▶ [About this exercise] Output the listing word for word, minus pictures.

▶ [Dataset excerpt]
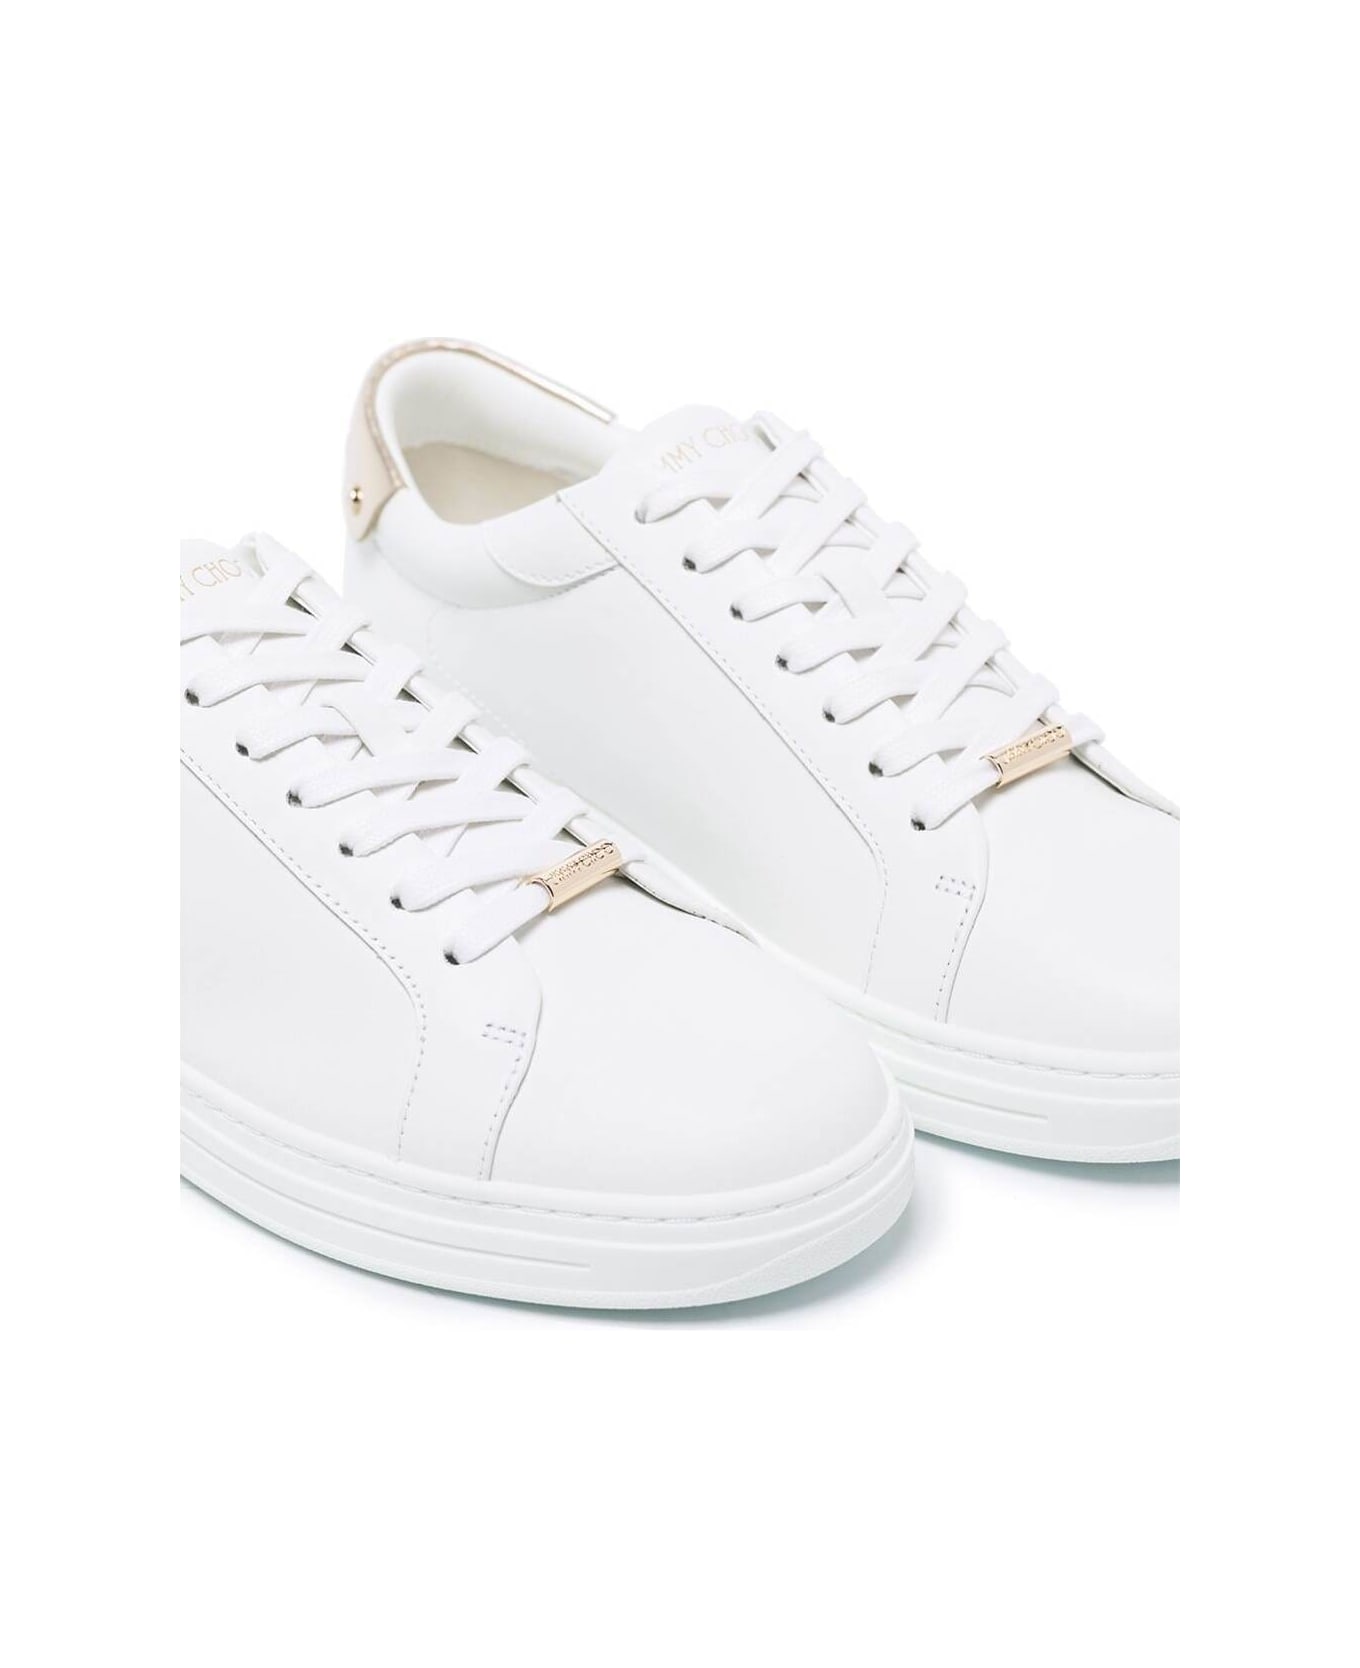 Jimmy Choo Woman's Rome White Leather Sneakers - White
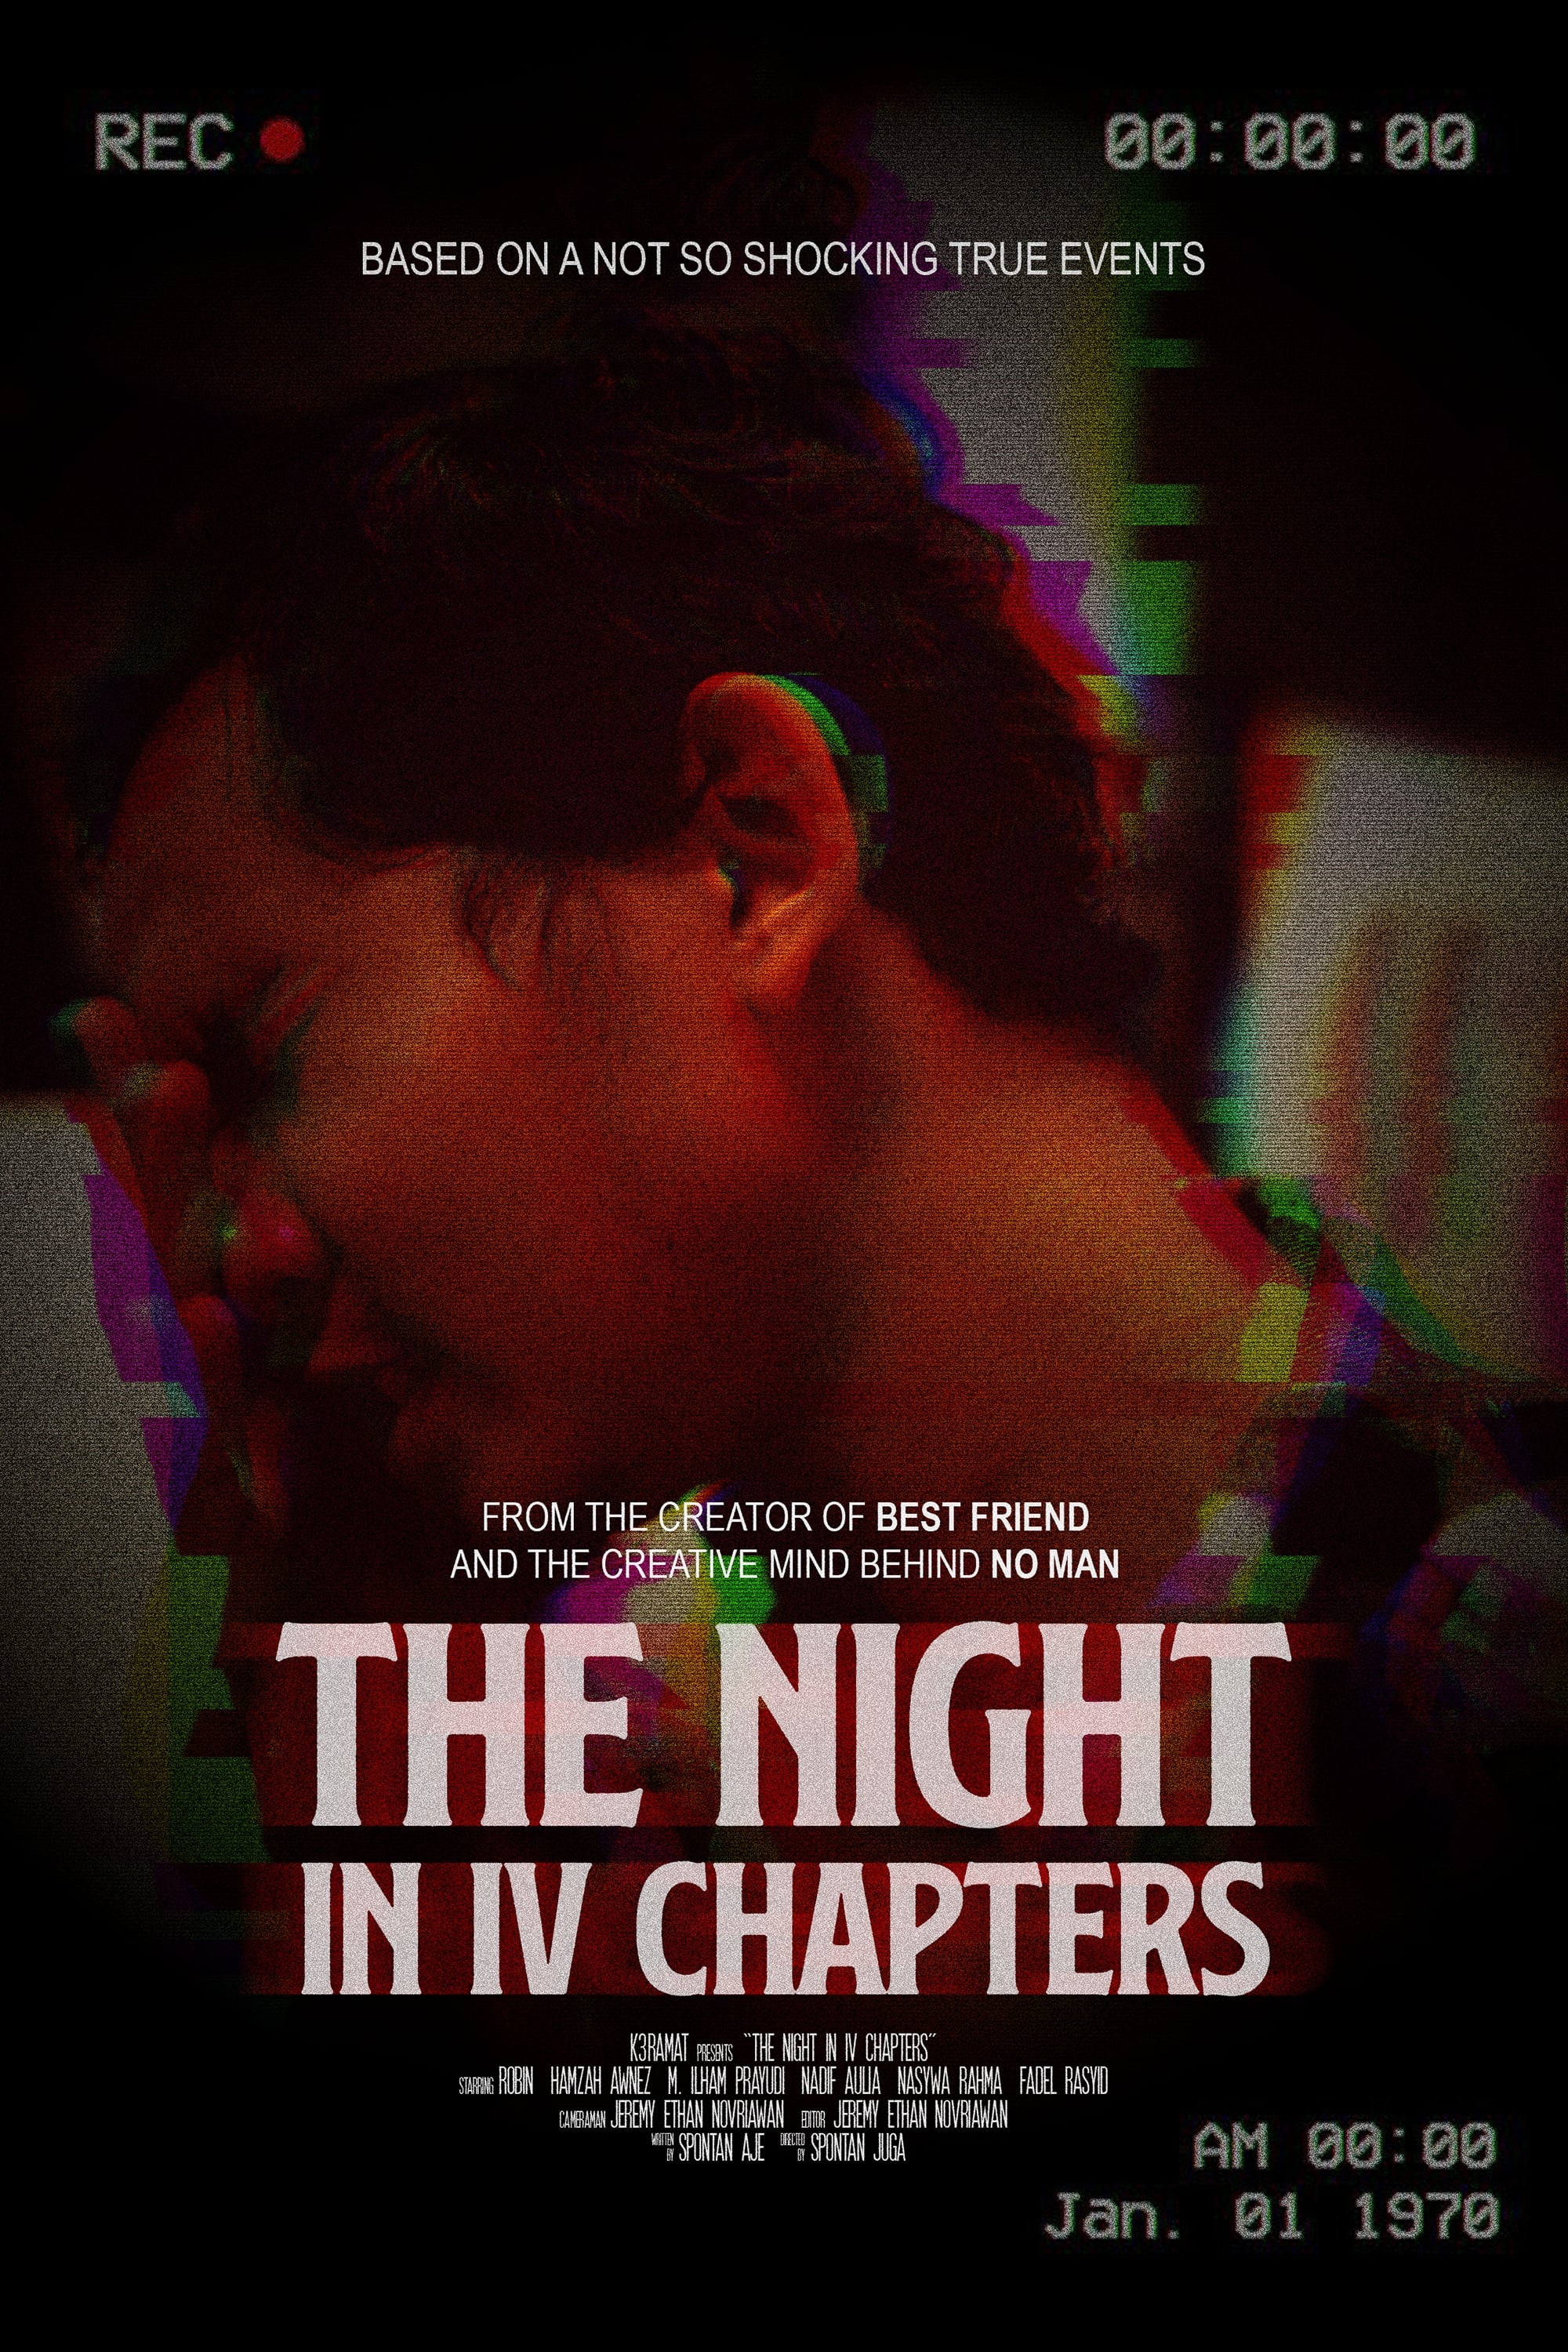 The Night in IV Chapters
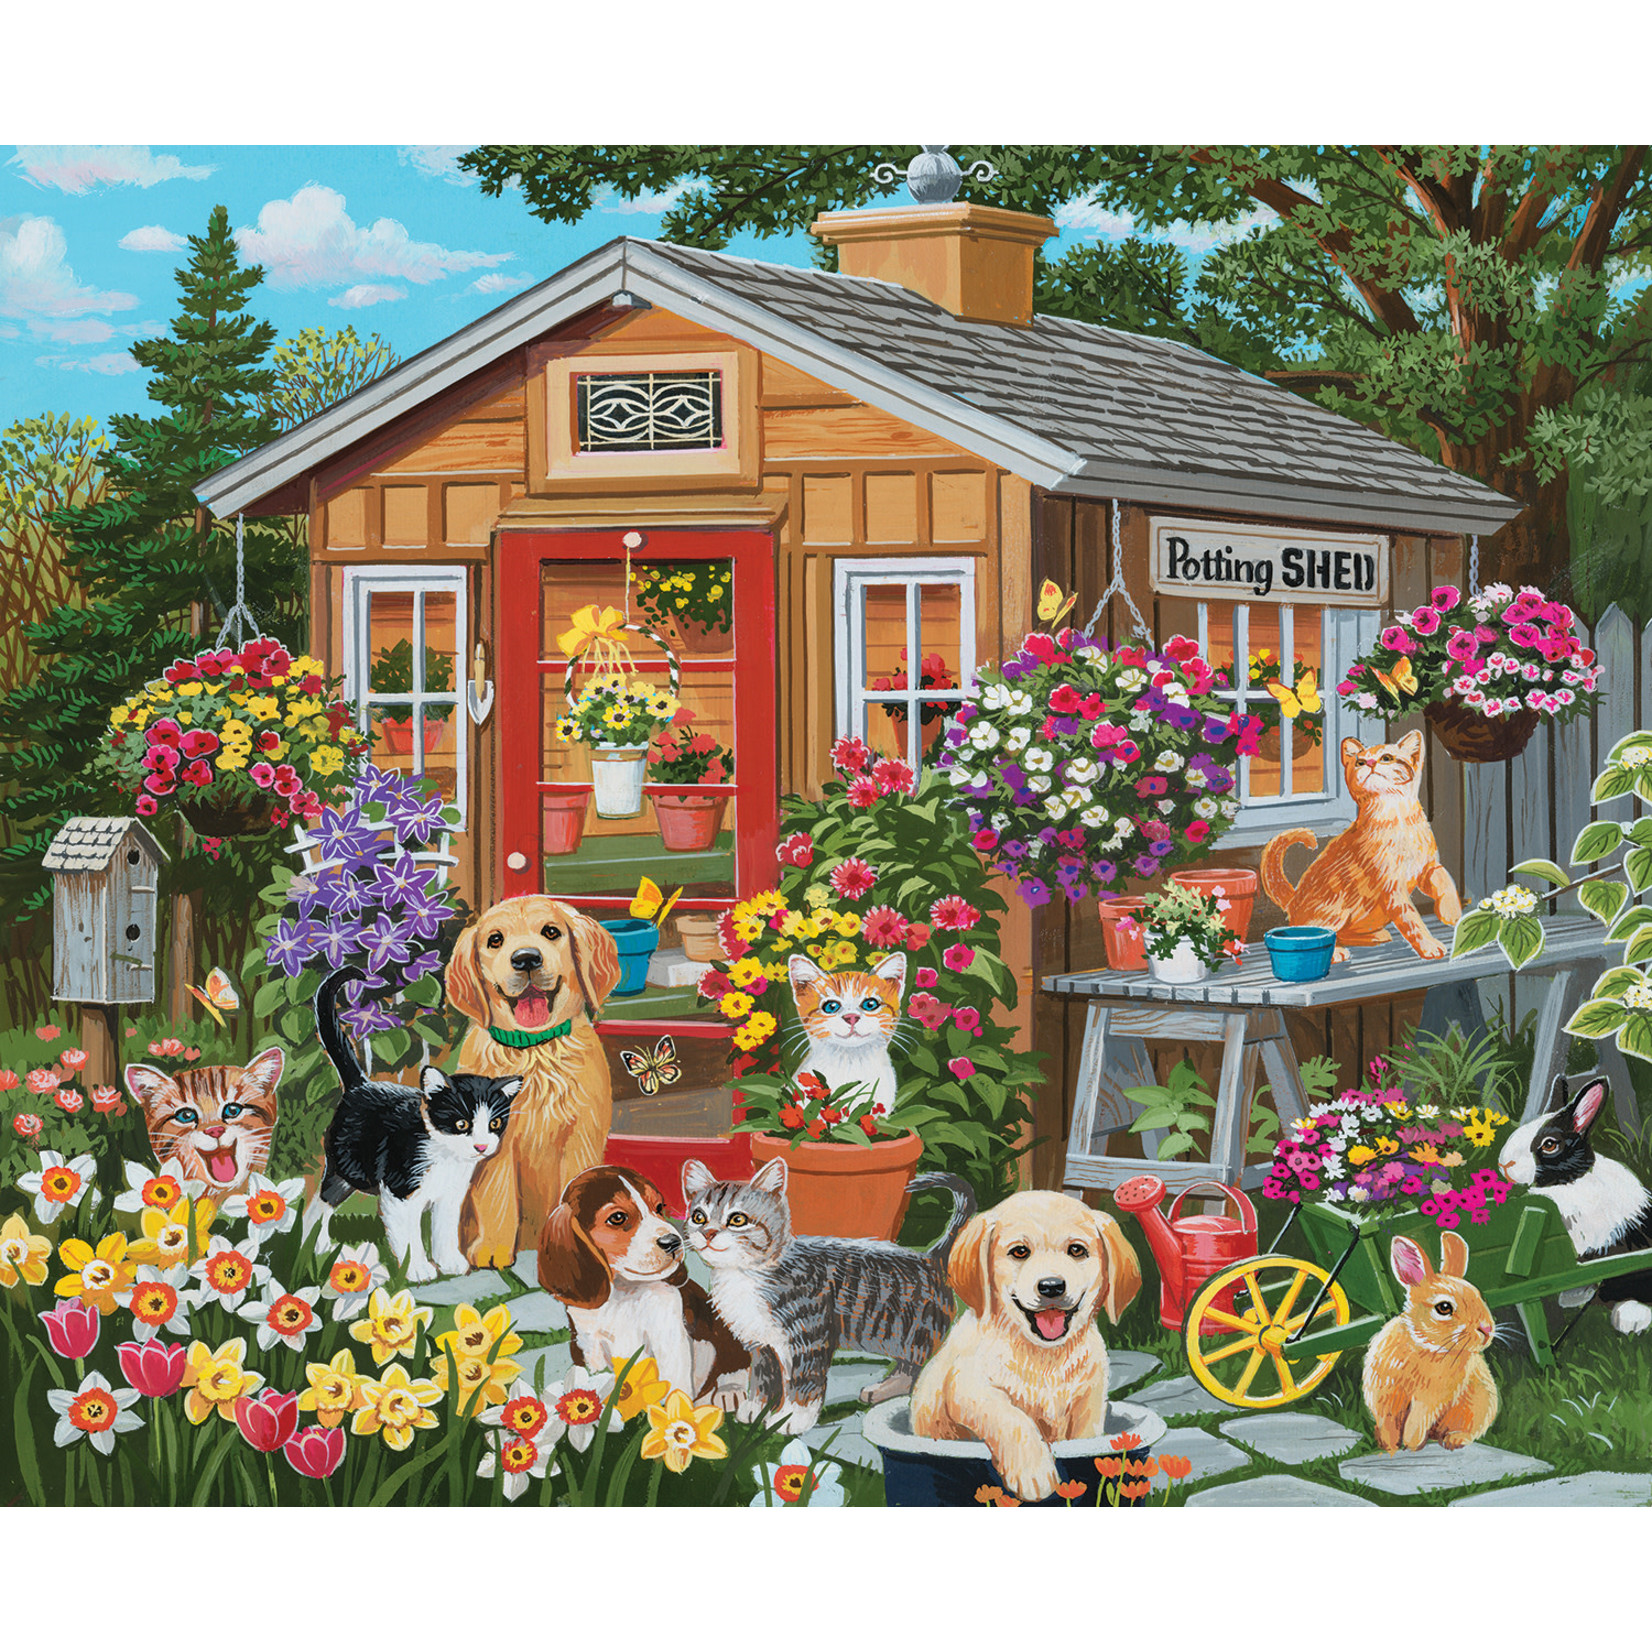 VISITING THE POTTING SHED PUZZLE

▶ [Solution for this exercise]
 Jimmy Choo Woman's Rome White Leather Sneakers - White
 The Night in IV Chapters
 VISITING THE POTTING SHED PUZZLE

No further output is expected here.